I want to mask low complexity reads before mapping and came across your thread post here. I did a couple of bbduk.sh runs on my fastq.fq files (HiSeq shallow sequenced libraries to ~3M reads; command follows your example above) and noticed that a vast range of entropy values (0.0001 - 0.8) always delete ~30% of my data (30.04% and 30.17% respectively). Inspecting the designated low complexity reads I am not sure (at least for some of them) why they were filtered and the number (at least for 0.0001) seems too high. Would you mind to elaborate briefly on the algorithm behind the bbduk.sh script?

thanks

0
Entering edit mode

Can you please post the full command, version number, and stderr output you're getting? Also, please post (or email me) a handful of reads that are getting filtered out (the outm stream) at entropy=0.0001.

Thanks!

0
Entering edit mode
6.1 years ago

I would recommend masking the reference nucleotide sequences prior to building an alignment database, assuming you are working with a read aligner that is designed to deal with masked sequences.

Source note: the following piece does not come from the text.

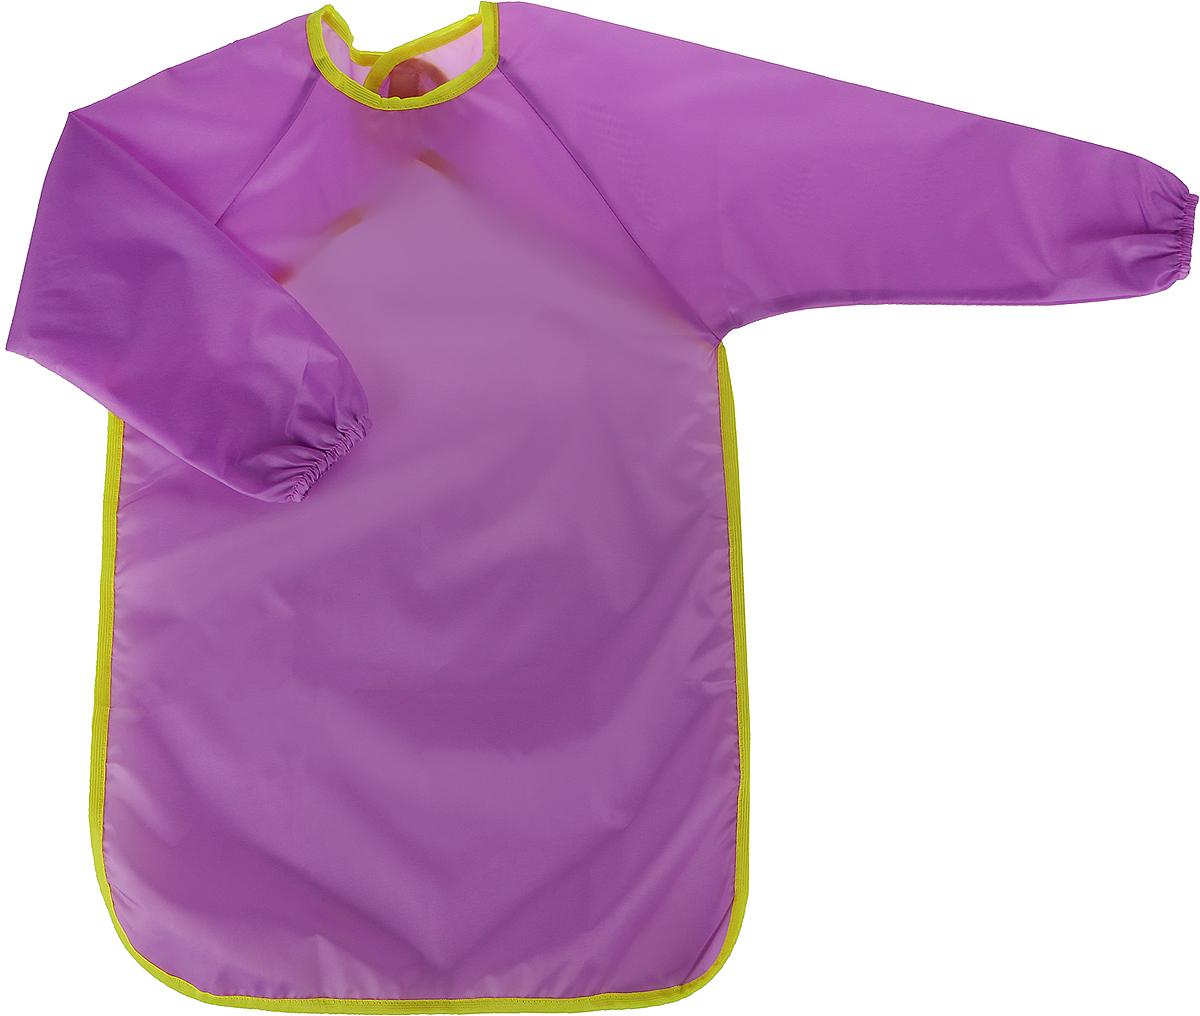 Спортбэби Фартук для детского творчества цвет сиреневый возраст 6-7 лет -  Аксессуары для труда

For example, you could mask the human genome using dustmasker, follwed by using 'sed' to convert all lower-case soft-masked bases into 'N'. Then, you can use Bowtie2, which is designed to be able to handle ambiguous nucleotides:

http://bowtie-bio.sourceforge.net/bowtie2/manual.shtml#ambiguous-characters

• It is not clear to me how well-validated older tools like 'dustmasker' are for ultra-short NGS reads, since they were designed back in the day of Sanger sequencing
• Once you've masked your reference database ONCE, you don't have to worry about doing so for all future FASTQ files that you want to align, as it is redundant to mask both the reference and the short reads
1
Entering edit mode

Once you've masked your reference database ONCE, you don't have to worry about doing so for all future FASTQ files that you want to align, as it is redundant to mask both the reference and the short reads

Not sure I agree with this... reads can still map somewhere. If you use a masked reference, reads from the masked region will simply map to the wrong location (the next-closest match), yielding incorrect results. For this reason, I never recommend using masked references except for the purpose of contamination filtering.

0
Entering edit mode

I used masked fasta files to make genome alignments using LASTZ, but I still have a lot of repetitive regions. I wonder if there is any algorithm I can use to remove this repetitive regions in the MAF files that resulted from the alignments.